= 1942 in American television =

This is a list of American television-related events in 1942.

==Events==
- January 8-
  - The televised game show CBS Television Quiz is reduced to a length of 55 minutes for the network to present a five-minute news summary at 9:25 PM.
  - NBC forms a separate corporate entity for the Blue Network on January 8, 1942, "Blue Network Company, Inc." From this date on, while NBC still maintained ownership of the Blue Network, it was for most purposes an entirely separate network. NBC Red at this point became known as simply NBC.
- February 1 - The state-owned news network Voice of America (VOA) is established. The station broadcasts to Nazi Germany, with a show called Stimmen aus Amerika ("Voices from America") which was transmitted on February 1, 1942. It was introduced by the "Battle Hymn of the Republic" and included the pledge: "Today, and every day from now on, we will be with you from America to talk about the war... The news may be good or bad for us – We will always tell you the truth."

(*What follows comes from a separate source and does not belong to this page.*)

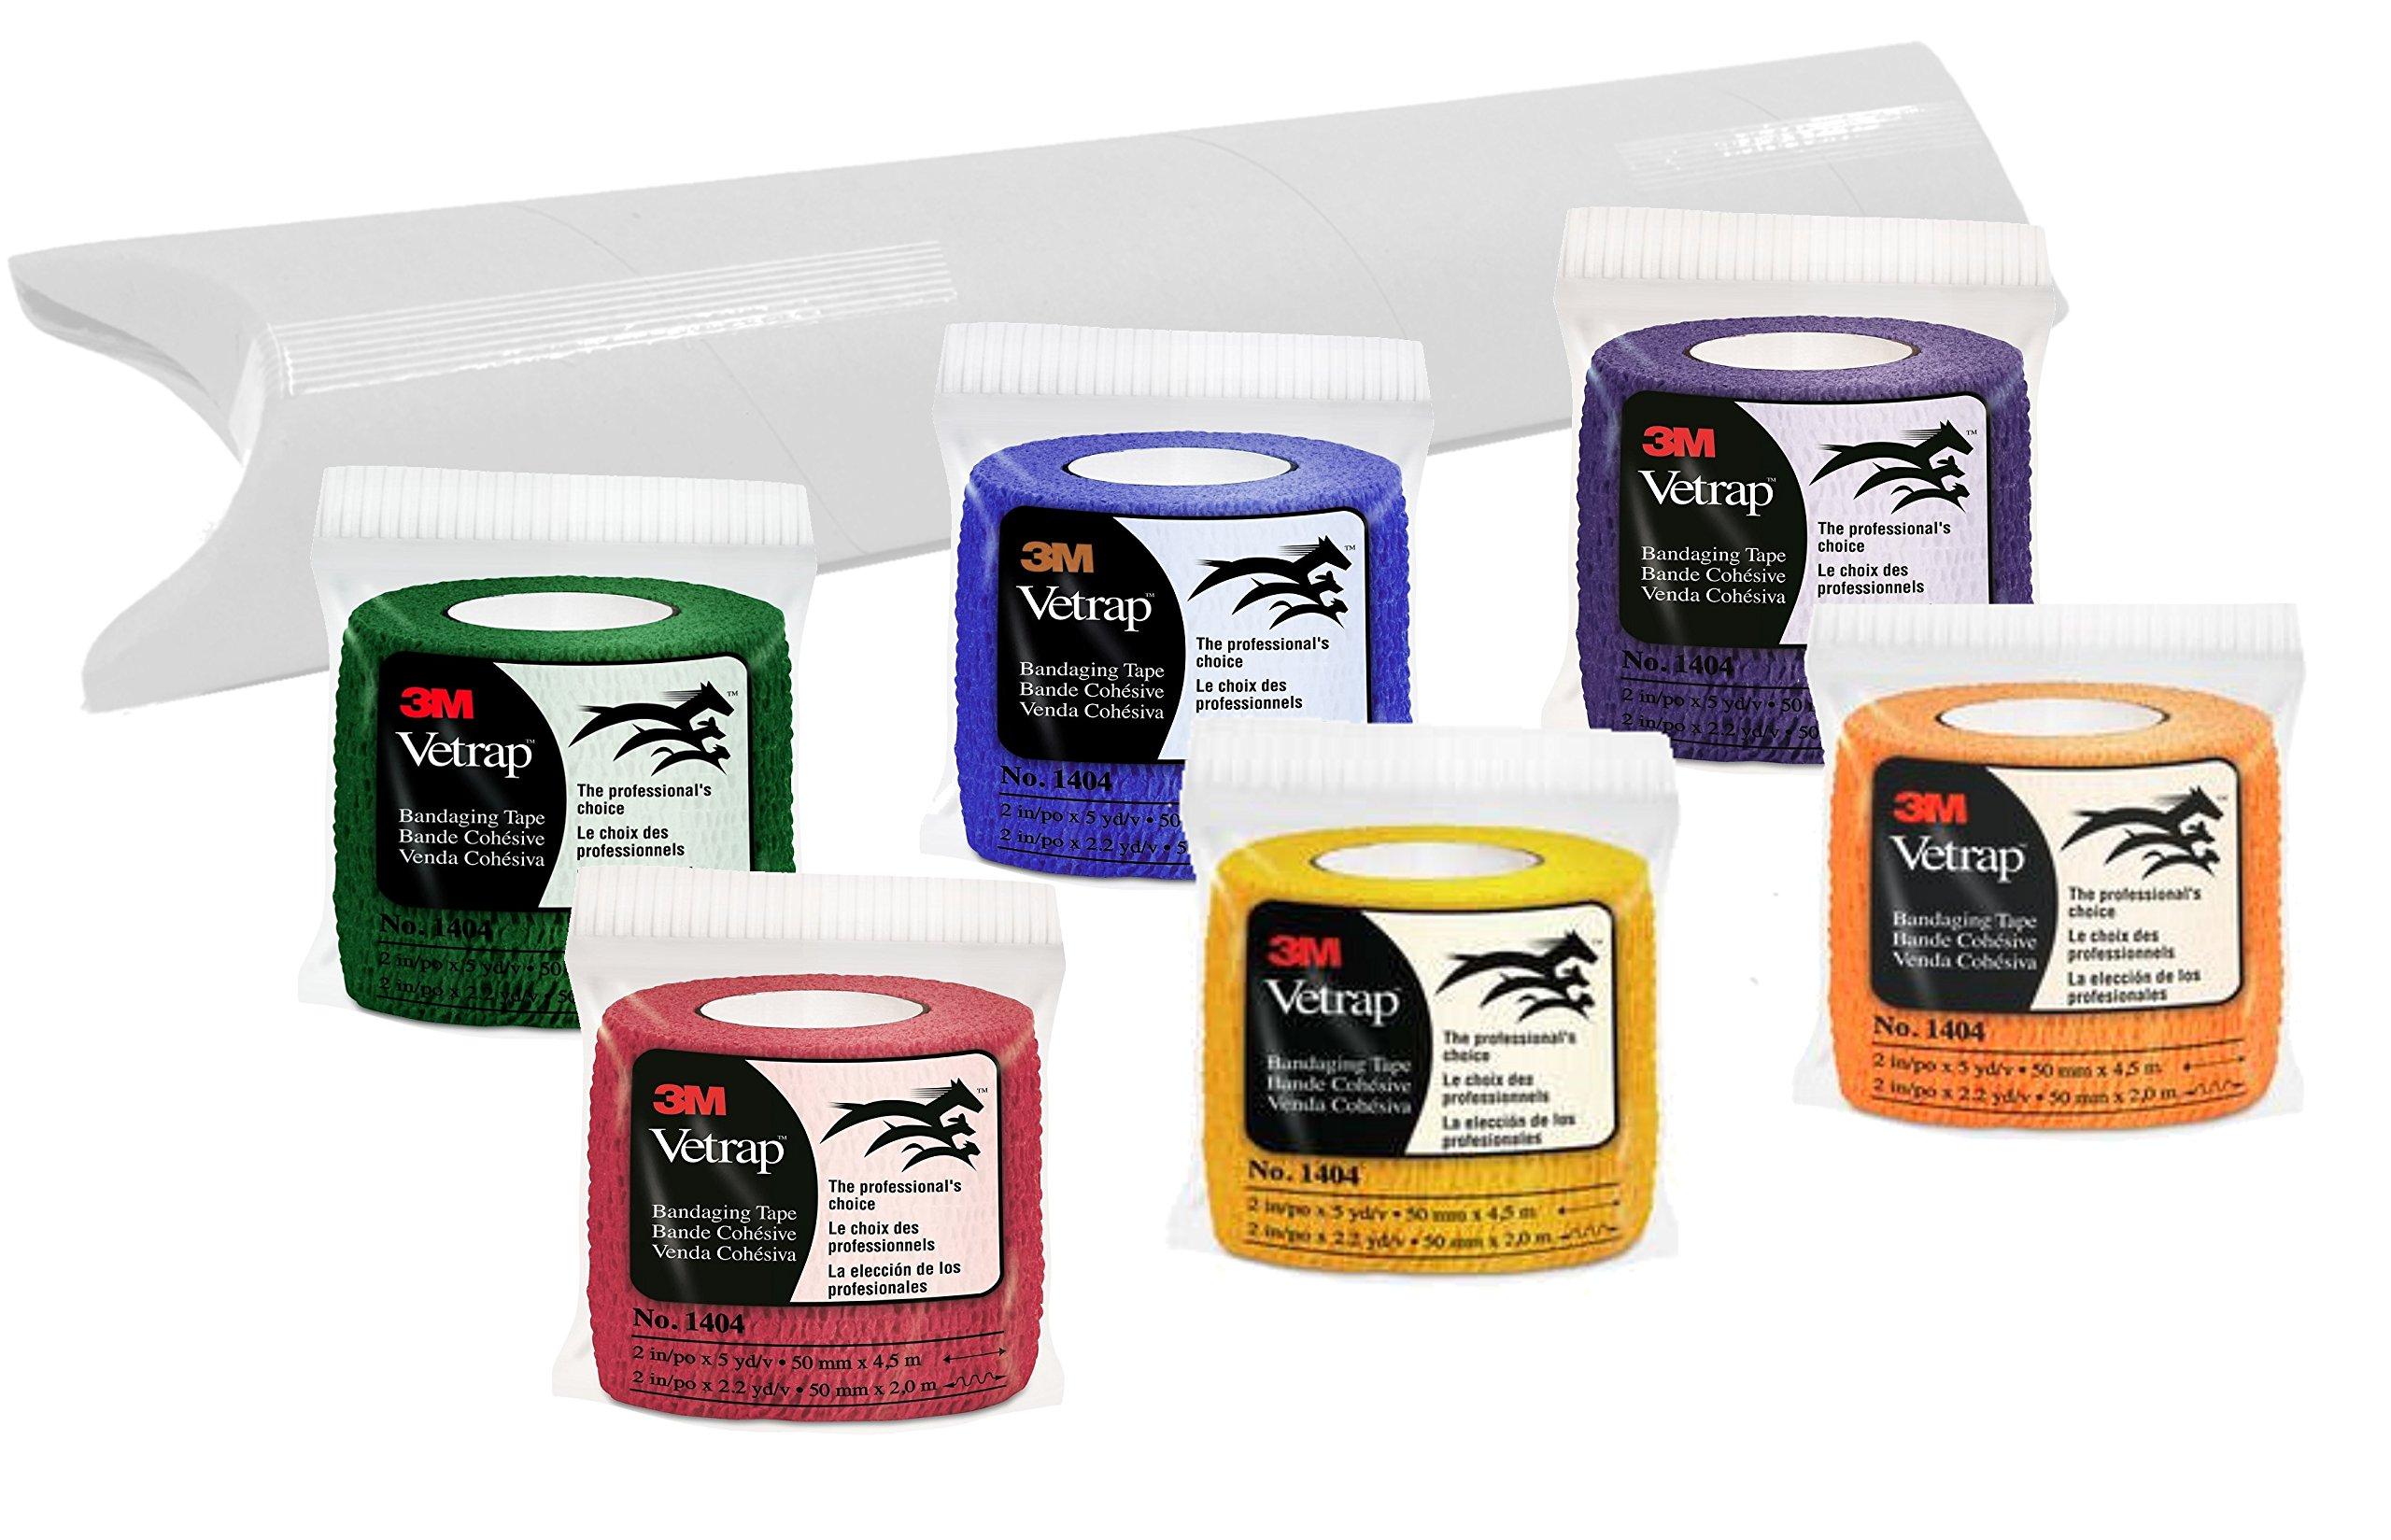 3M Vetrap 2'' Bandaging Tape, 2''x 5 Yards, (6 Rolls, Rainbow Combo) by 3M Vetrap
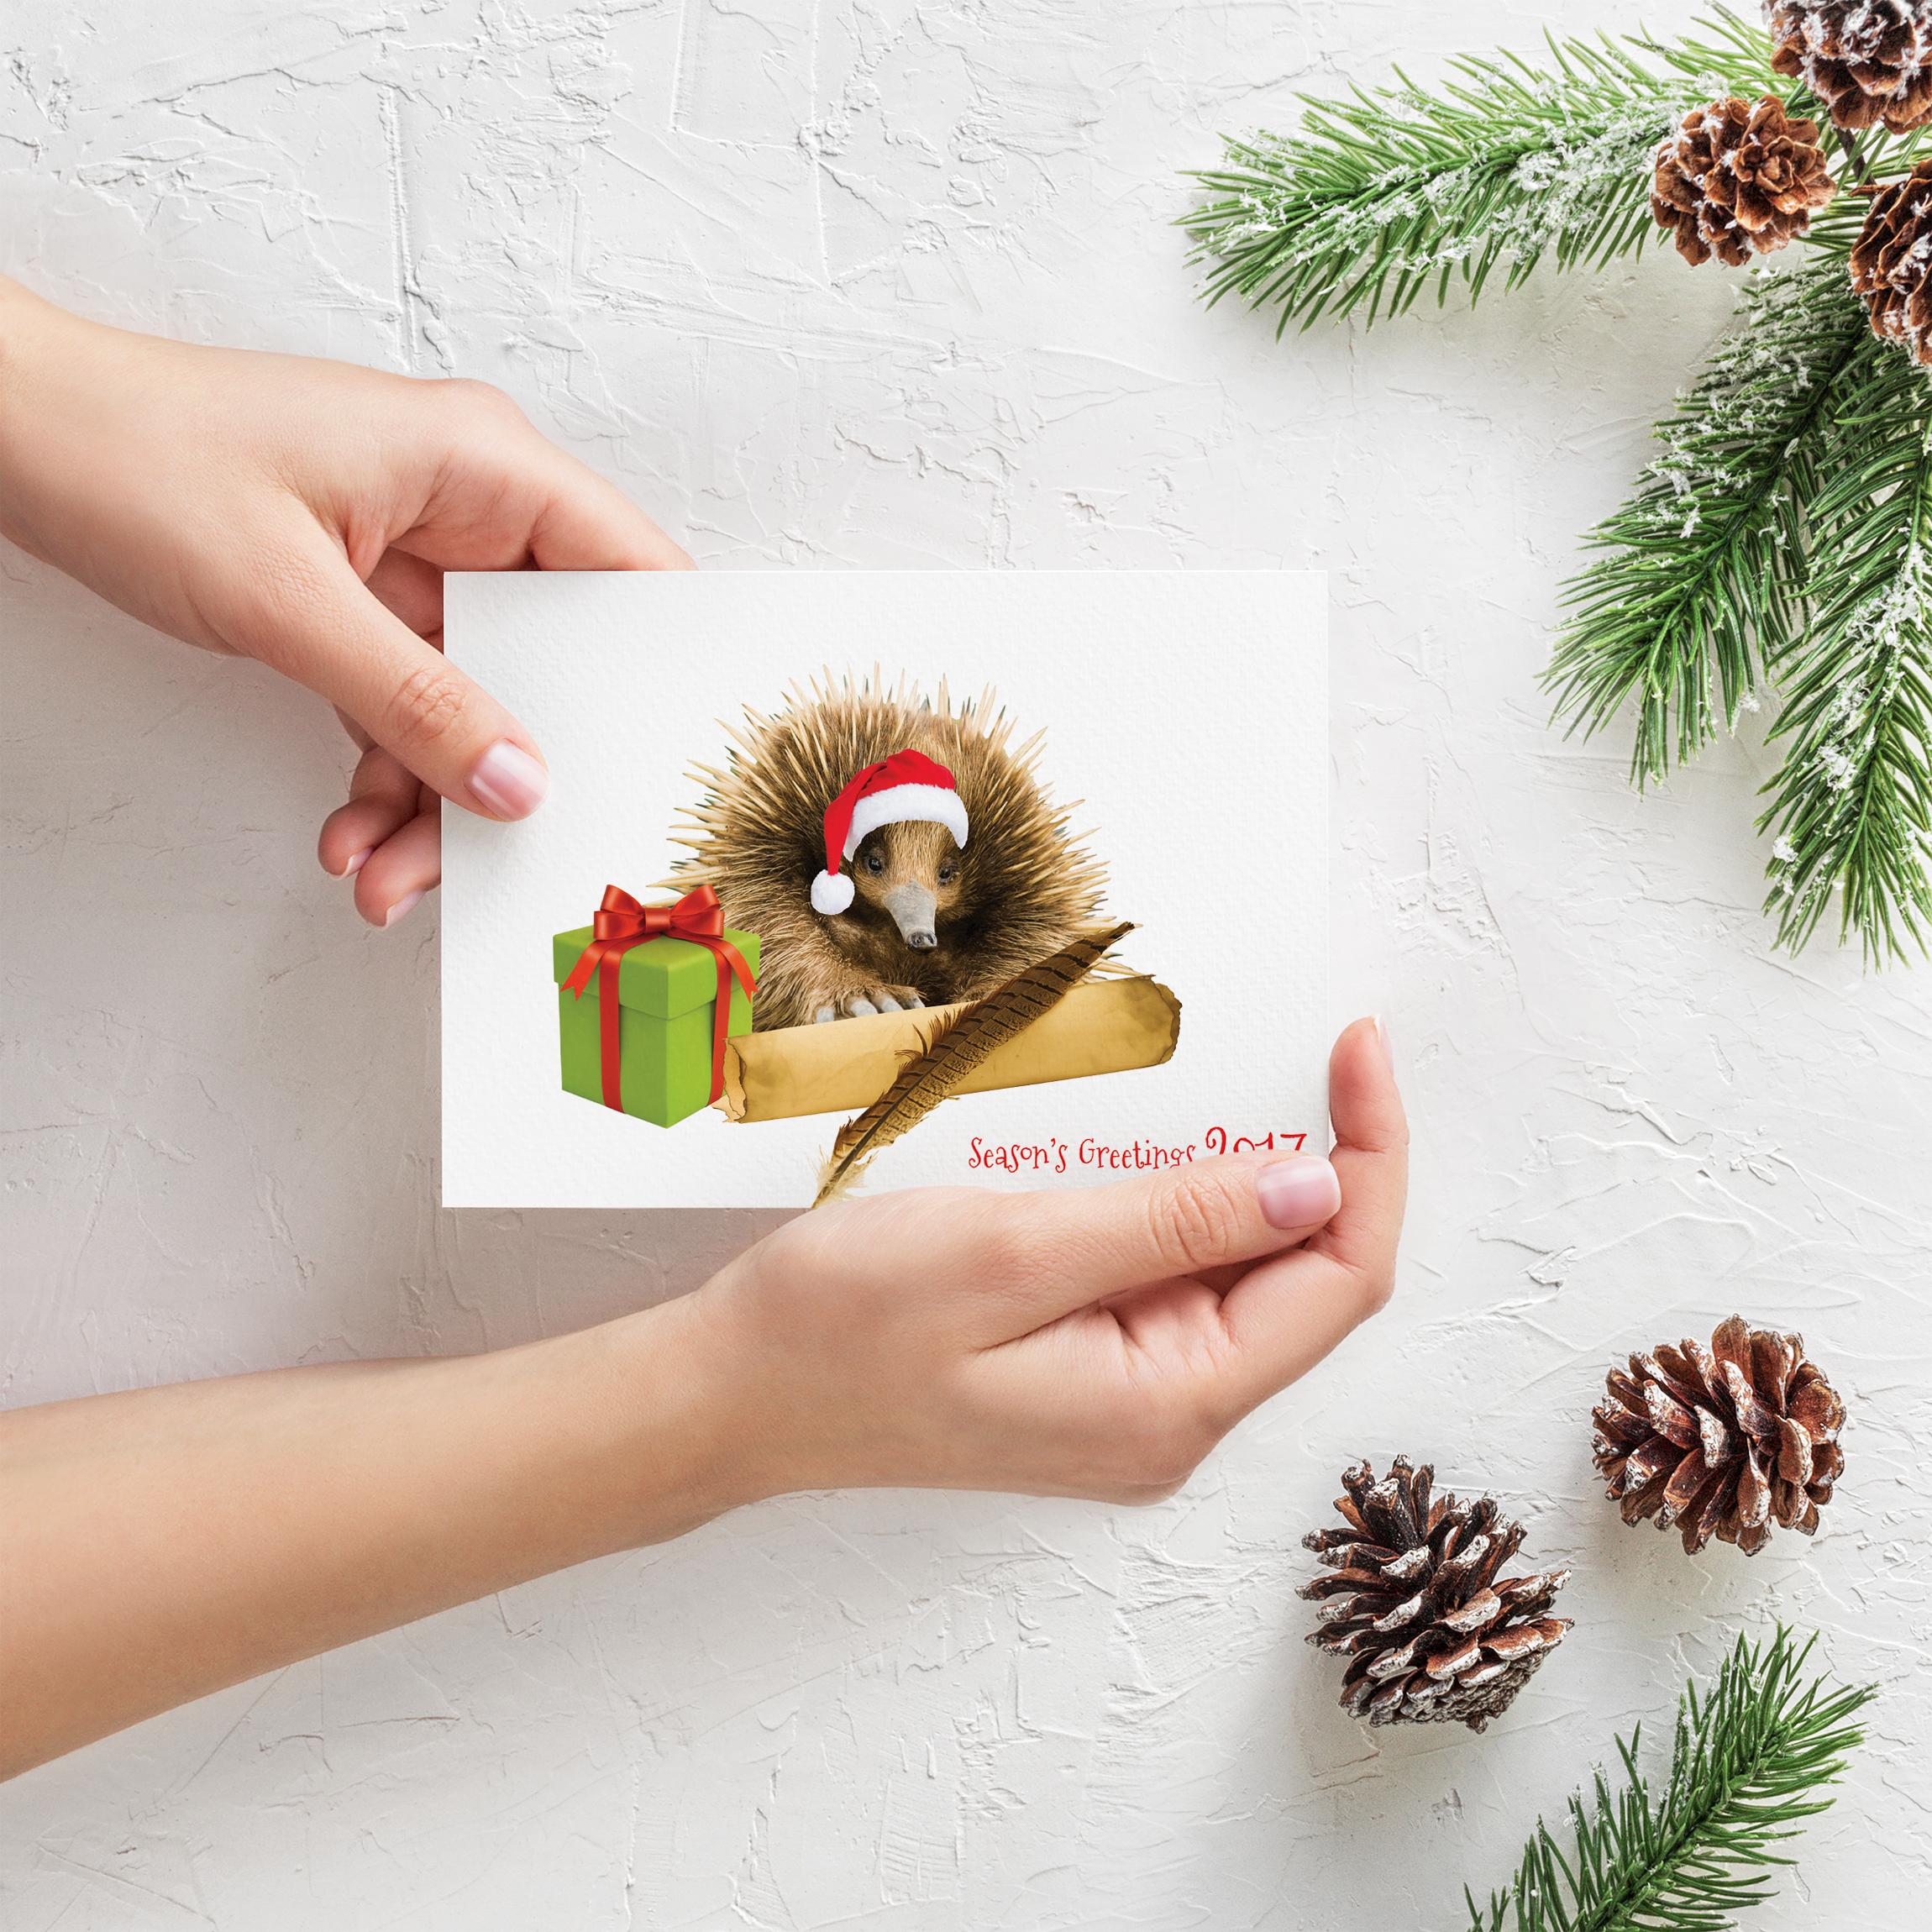 APAP Events Event Management and Graphic Design Rockhampton Bidgerdii Christmas Card 2017

- February 2 - CBS Television Quiz moves to be broadcast on Mondays and is now preceded by a civilian-defense program (later an American Red Cross program), which along with the news summary required the show itself to decrease to 50 minutes. The Red Cross program ended on March 30, allowing Quiz to re-expand to 55 minutes.
- March 10 - WCBW receives a full broadcast license, its construction permit and commercial program authorization.
- May- The WCBW scales back their programing at the end of this month, following a mandate several weeks earlier by the War Production Board to cease building television stations. CBS Television Quiz moves to Thursdays and Fridays and is again reduced to 50 minutes.
- June- The United States Supreme Court uphelds the jurisdiction of the FCC over the issuance of rules relating to chain broadcasting. While the FCC litigation continues in the wake of this ruling, the public and private antitrust litigation is held in abeyance.
- Date unknown- The cultural diplomacy programming on the Columbia Broadcasting System (CBS) launches the musical show Viva América (1942–49) which featured the Pan American Orchestra and the artistry of several noted musicians from both North and South America, including Alfredo Antonini, Juan Arvizu, Eva Garza, Elsa Miranda, Nestor Mesta Chaires, Miguel Sandoval, John Serry Sr., and Terig Tucci.